6.NS.C.6b 6th Grade The Number System

The Coordinate Plane

Understand signs of numbers in ordered pairs as indicating locations in the four quadrants of the coordinate plane.

How to explain it

Students read the signs of an ordered pair to name the quadrant a point falls in, plot signed ordered pairs on the four-quadrant coordinate plane, and recognize that two points whose coordinates differ only in sign are reflections of each other across the x-axis, the y-axis, or both axes.

The anchor students hold onto: Signs name the quadrant: (+,+) = I, (−,+) = II, (−,−) = III, (+,−) = IV. Flip one sign → reflect across the axis that controls it.

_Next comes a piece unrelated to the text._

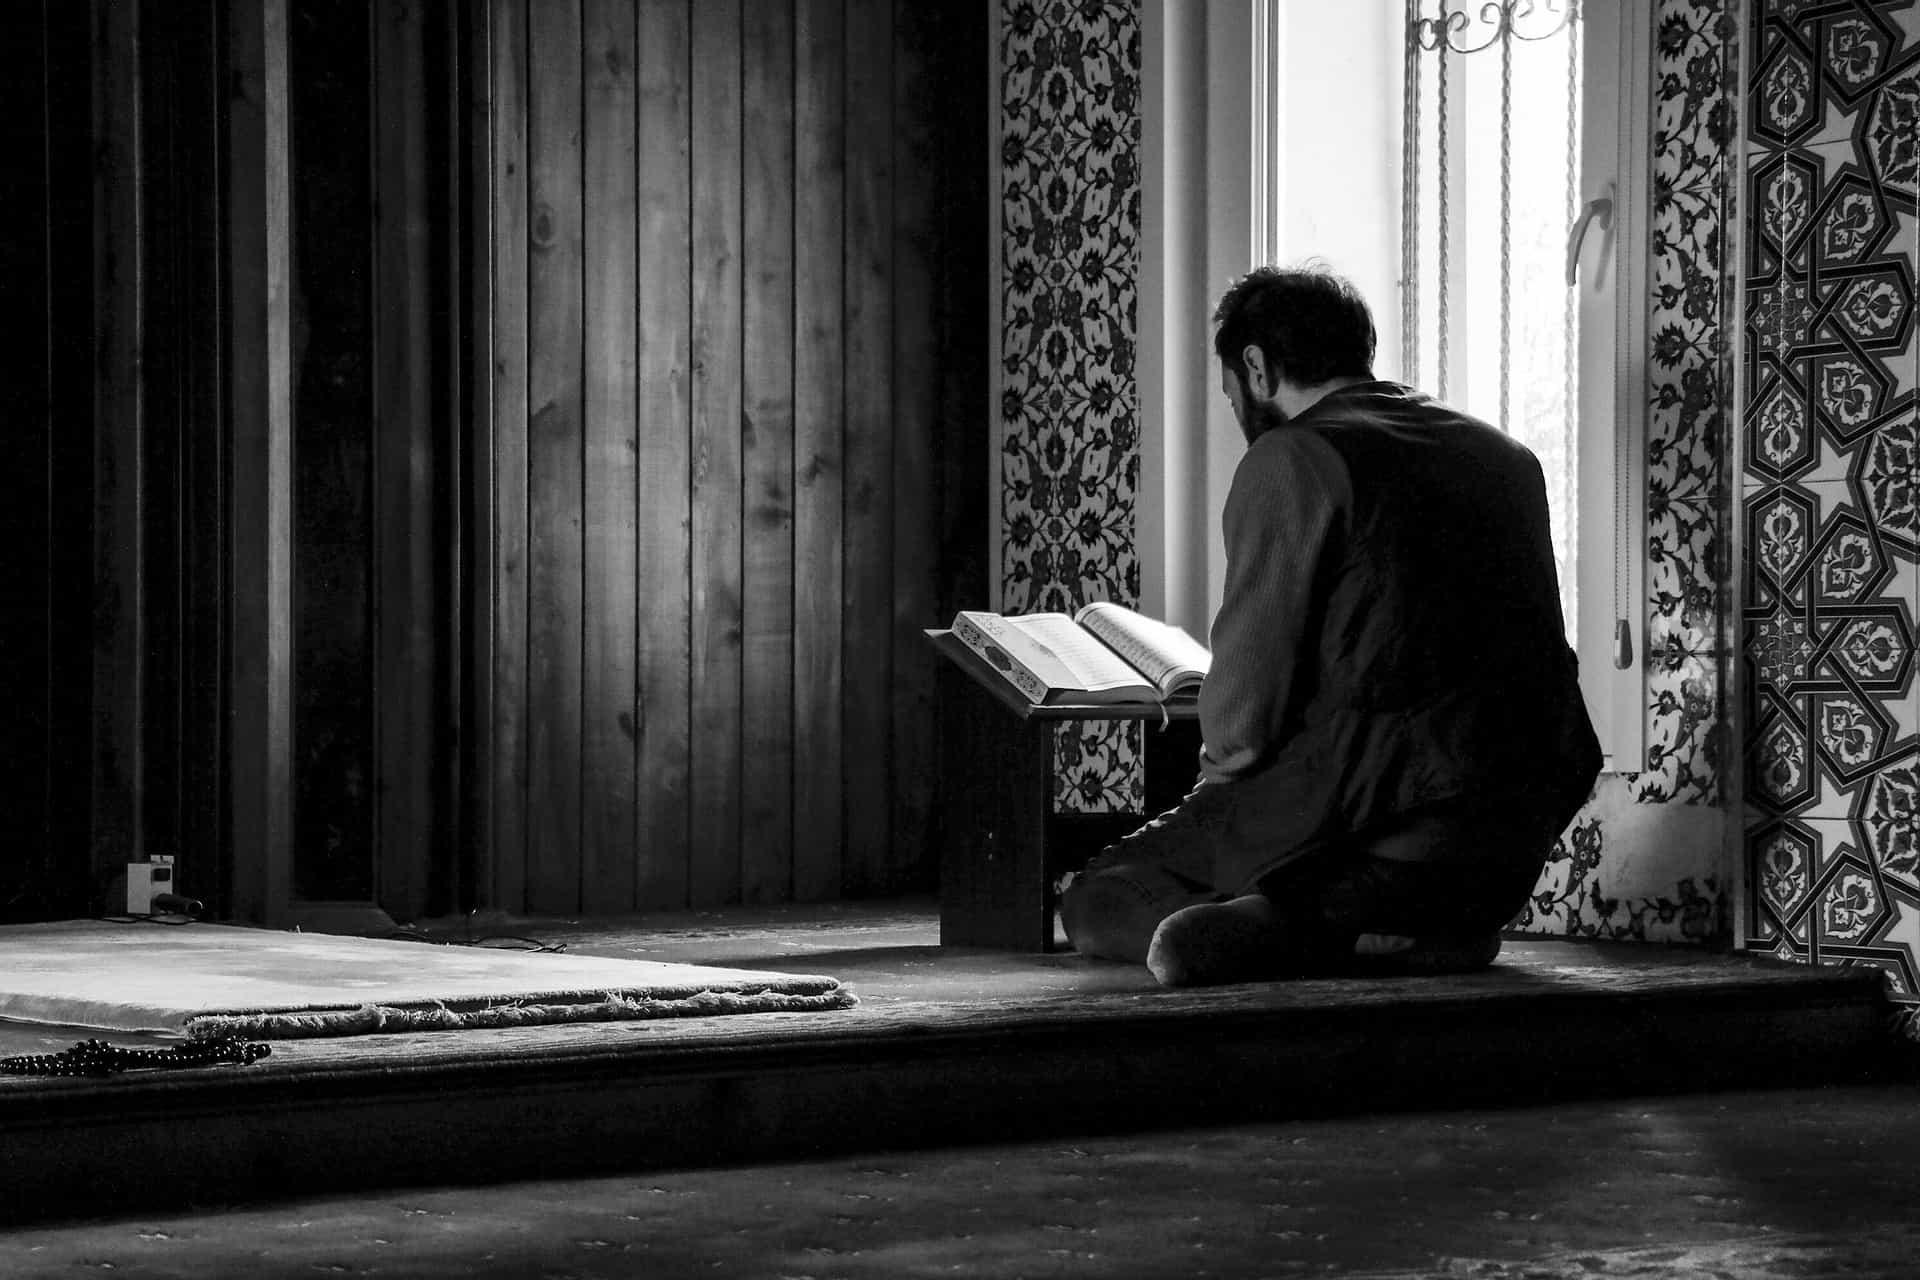 Kisah Teladan Nabi Muhammad Sang Motivator Laz Dompet Dhuafa

Naming quadrants and reflecting across axes prepares students for coordinate-plane distances (6.NS.C.8), polygon vertices (6.G.A.3), and four-quadrant graphing throughout grades 7–8.

Worked examples

Example 1
Which quadrant holds (−3, 5)?
Step 1x = −3 (negative), y = 5 (positive)
Step 2Signs: (−, +)
Step 3Match to quadrant map → Quadrant II
AnswerQuadrant II
Example 2
Reflect (4, 2) across x-axis.
Step 1Reflecting over x-axis flips the sign of y
Step 2(4, 2): keep x = 4; flip y: 2 → −2
Step 3Image = (4, −2)
Answer(4, −2)

Common mistakes

What students write Reading (x, y) as (y, x) — placing the point at the reversed location
The fix x is always first: move horizontally (left/right) for x, then vertically (up/down) for y.
Try this A student reflected (−3, 6) across the y-axis and wrote (−3, −6) as the image. The student flipped the sign of y instead of x. Find the correct image and explain the error.
What students write Thinking any point with negative coordinates is in Quadrant III
The fix The quadrant depends on BOTH signs: (−, +) → Quadrant II; (−, −) → Quadrant III.

Teacher tip

Head off the two predictable errors before they happen. First: x is always first: move horizontally (left/right) for x, then vertically (up/down) for y. Second: The quadrant depends on BOTH signs: (−, +) → Quadrant II; (−, −) → Quadrant III.